During the execution (before the error appears) I watched cpu usage and I noted that the two core of the job-task manager are working (at least 50% each, even 100% for one of them sometimes) while the other two nodes (the task managers) are completely free with a cpu usage around 0%.

I set correctly rpc address of the jobmanager and filled correctly slaves file putting:

giordano-2-2-100-1
giordano-2-2-100-2
giordano-2-2-100-3

Moreover I used ping from the master node to verify if the other nodes are reachable and it's ok, and telnet from the task managers to verify if the job manager was reachable, also in this case everything is ok.

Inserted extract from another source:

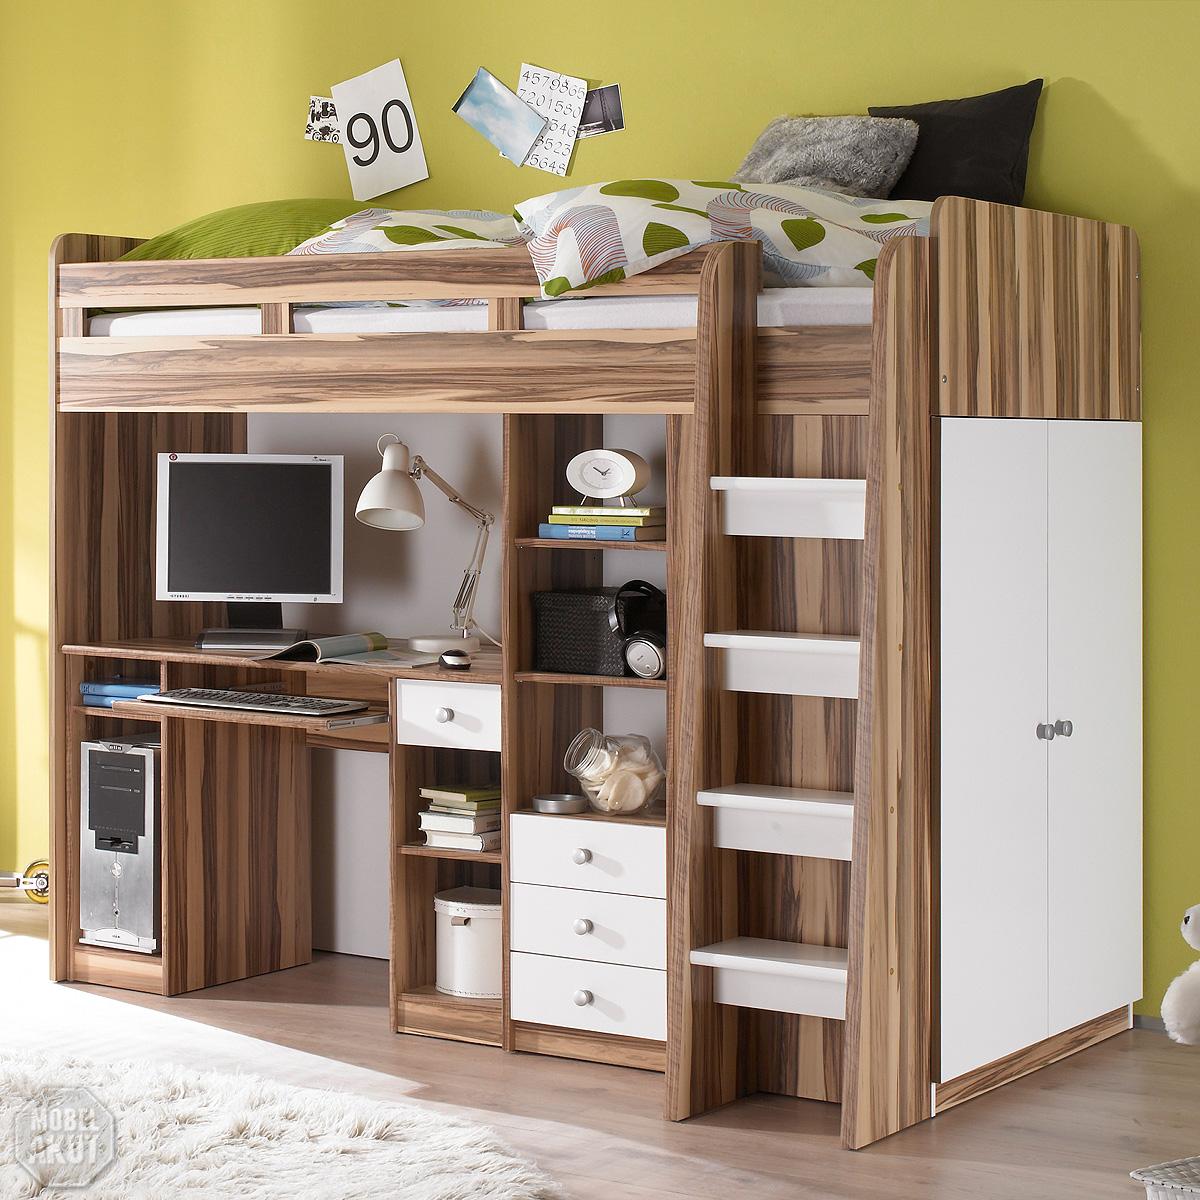 hochbett 200 x 200 hochbett 180 200 haus m bel hochbett 180x200 hochbett andreas buche massiv. Black Bedroom Furniture Sets. Home Design Ideas

Honestly I have no more ideas about what I'm doing wrong...

Furthermore I tried to execute the program on my laptop (dual core) setting a single-node cluster with the same configuration of the real cluster and the same jar. In this case everything works perfectly so I'm quietly sure the problem is in the job manager.

P.S. On stack overflow I found this reply of the same problem:TaskManager loss/killed but I don't understand how to set a different garbage collector.

1
What is the parallelism with which you start the job? Can it be that you are running a CPU intensive job which is only executed on the machine on which the JobManager is running? Then this could block the heartbeats from being processed correctly. Try not starting a TM on the machine where the JM is running? Sharing the logs of the JM and the TMs could also help solving your problem.Till Rohrmann
I commented parallelism because I have some operators that operates at 2 and some at 1. I have executed more experiment. I noted that until a certain load the cluster is able to perform the task correctly (but using just one node) while if I add more load (duplicating operators on others data for example) the previous error is showed. I set the G1 garbage collector, no results. Continue...Akinn
I followed your hint configuring 1JM and just 2 TM and executed a relatively light program. It is executed correctly but, even in this case, just on one node (the n.3). Each core of that was busy on > 92% of cpu usage, memory about 80-85%. I attach the logs (stackOV_1JM_2TM_OK): dropbox.com/s/w6uvgmhdg2bom49/stackOV_1JM_2TM_OK.zip?dl=0Akinn
Then I executed an heavy version with many operators (the one that fails) in order to lead flink to distribute the load. In this case just the node 2 is occupied (one core at 90%, the other one at 30%). the job doesn't produce results and crash killing TM. Logs (stackOV_1JM_2TM_HEAVY_ERROR): dropbox.com/s/rbyhn1o8ama9we3/…Akinn
Is it a network intensive job? My thought is that maybe a lot of data is being requested and sent to the flink job constantly that things are getting backed up because you don't have enough bandwidth to the cluster to handle the volume.Jicaar

1 Answers

0
votes

This problem happened to me when a task manager runs out of memory and when the GC takes too much time trying to free some memory.

Try to use more Ram or decrease the memory requirements of your tasks.